More like Electric Orchestra Lite amirite? Or Rejected Shite Orchestra if we really want to be honest.

Because wow, you need to hear this album – not because it’s good, but because it’s some of the corniest stuff I’ve ever heard IN MY LIFE, reaching jaw-dropping levels of cheesiness to the point that I was actually exclaiming, out loud, “Fuck this is terrible!!!” and the like.

After Kelly Groucutt and Mik Kaminski’s own ELO spin-off failed to go anywhere, they joined forces with Bev Bevans’ relatively successful ELO Part Two because now they could advertise having three classic members of the band. Yet somehow the album they recorded together is even further away from Jeff Lynne’s genius.

It’s sad, because I really quite liked the first record from the Lynne-free ELO. And this starts well, with an epic, fully orchestral introduction, the decent, slightly heavy rocker ‘Breaking Down The Walls’ and then the really rather excellent ‘Power Of A Million Lights’. A triumph of sumptuous AOR power balladry, Eric Troyer’s excellent vocal and a nuanced, emotive track make this a winner.

But after that.
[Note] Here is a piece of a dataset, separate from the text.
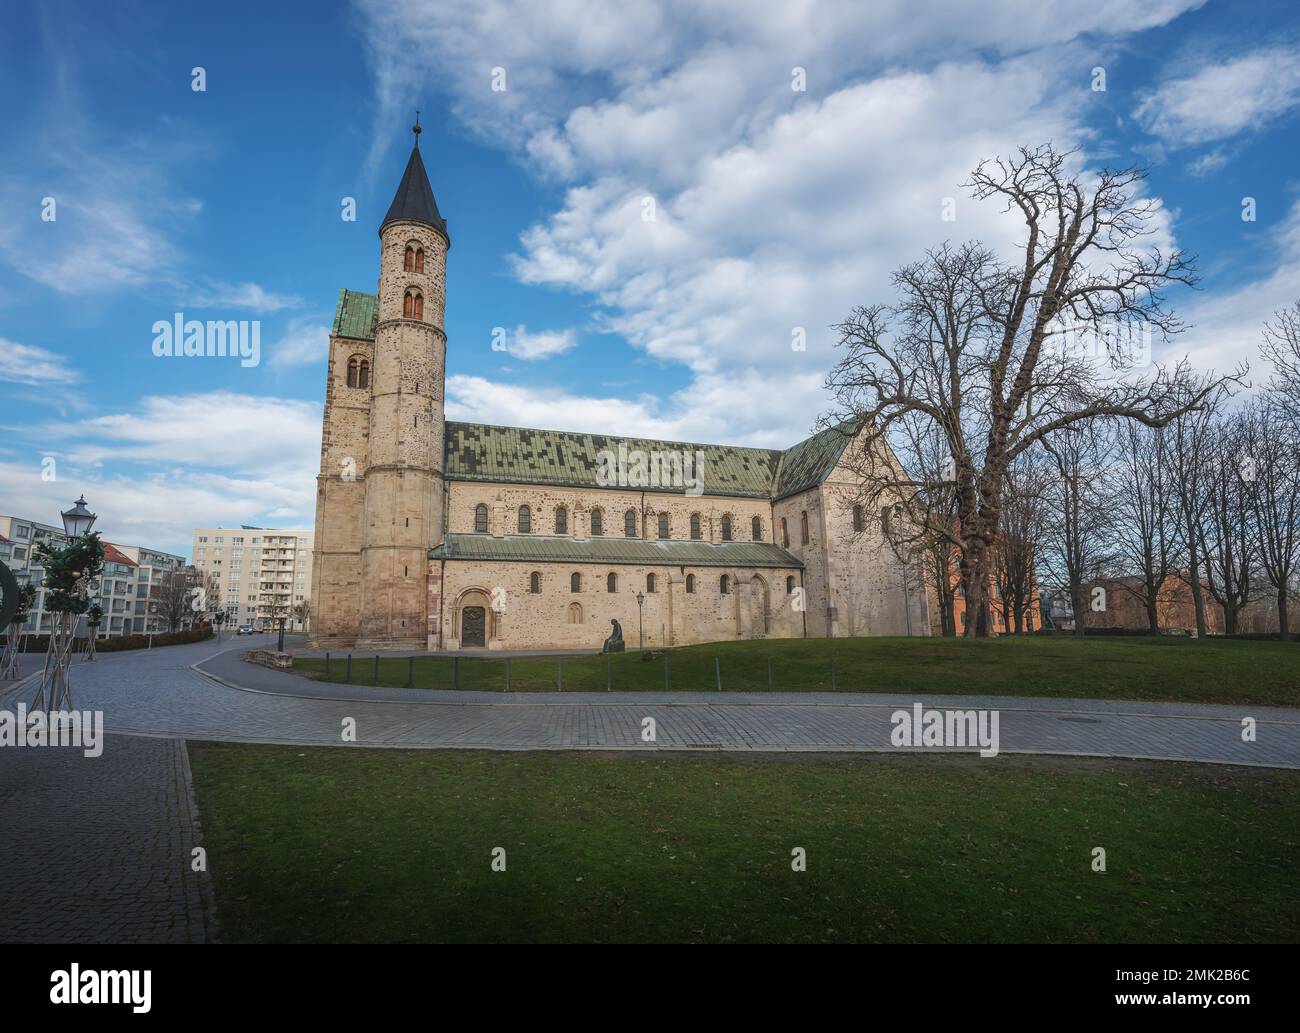 Monastery Church (Kloster Unser Lieben Frauen) - Magdeburg, Saxony-Anhalt, Germany Stock Photo
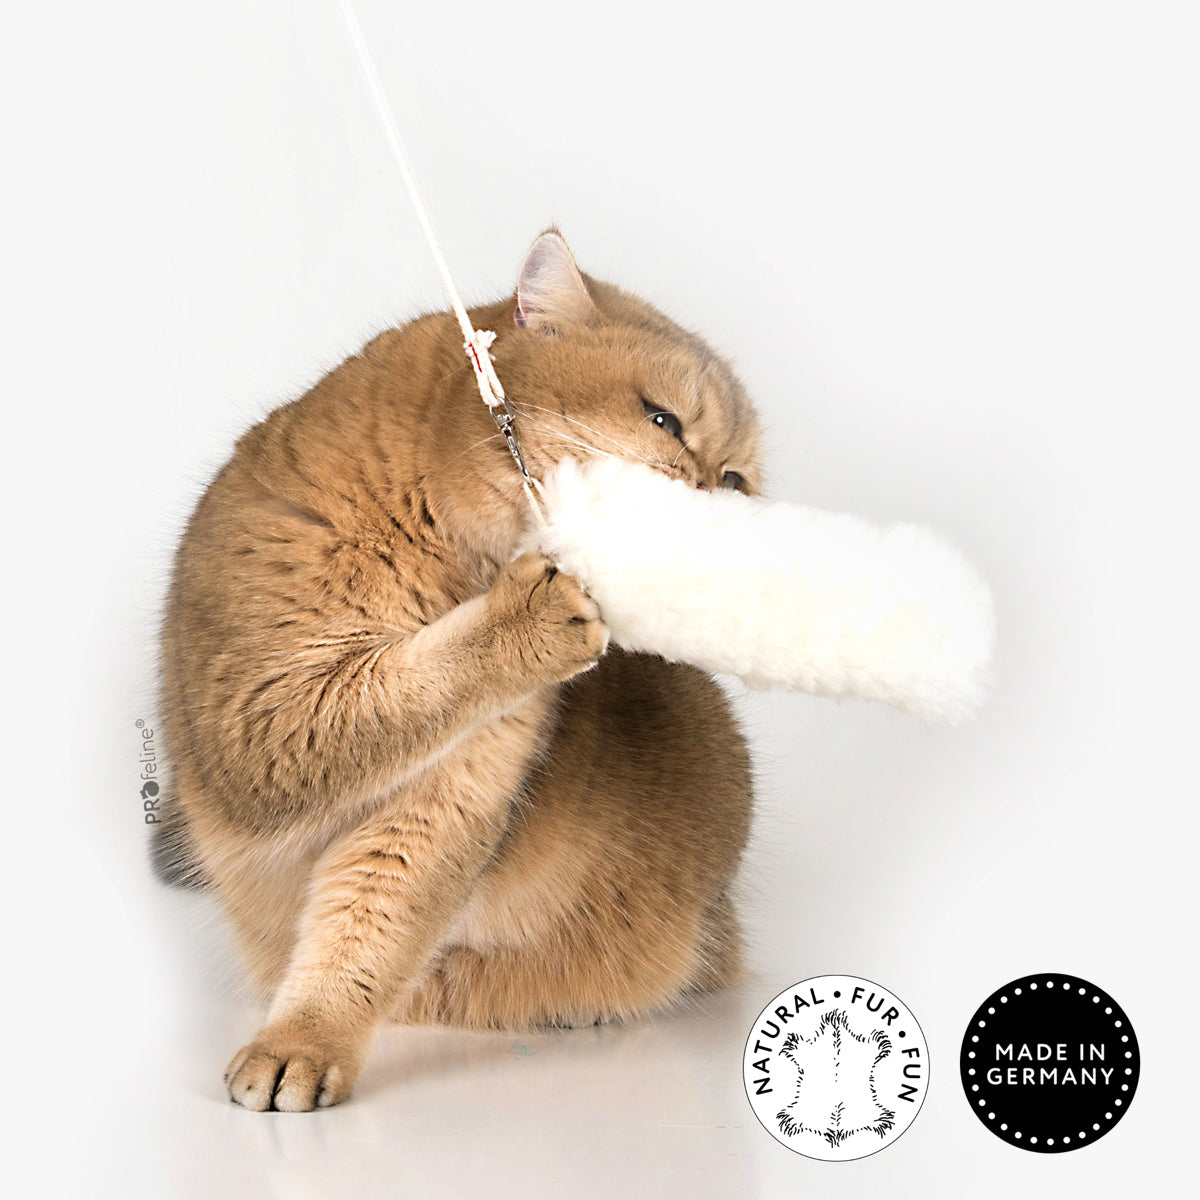 Profeline Merino Fur Cat Toy | at Made Moggie

Oh boy. The album swan dives in spectacular fashion, crashing down into the most dreadful, histrionic, OTT cheese with some really awful lyrics as the poo-flavoured icing on top.

‘One More Tomorrow’ is laugh out loud funny, an overwrought love power ballad that would make Michael Bolton blush. Then the band gives us their woeful take on ’90s alternative rock with ‘Don’t Wanna’, which is as clueless as you might imagine, before the album gets SERIOUSLY bad.

Back to back in ‘Voices’ and ‘The Fox’, we find two titanically terrible songs, which throw every clunky cliche in the book at the listener in such rapid succession it’s overwhelming.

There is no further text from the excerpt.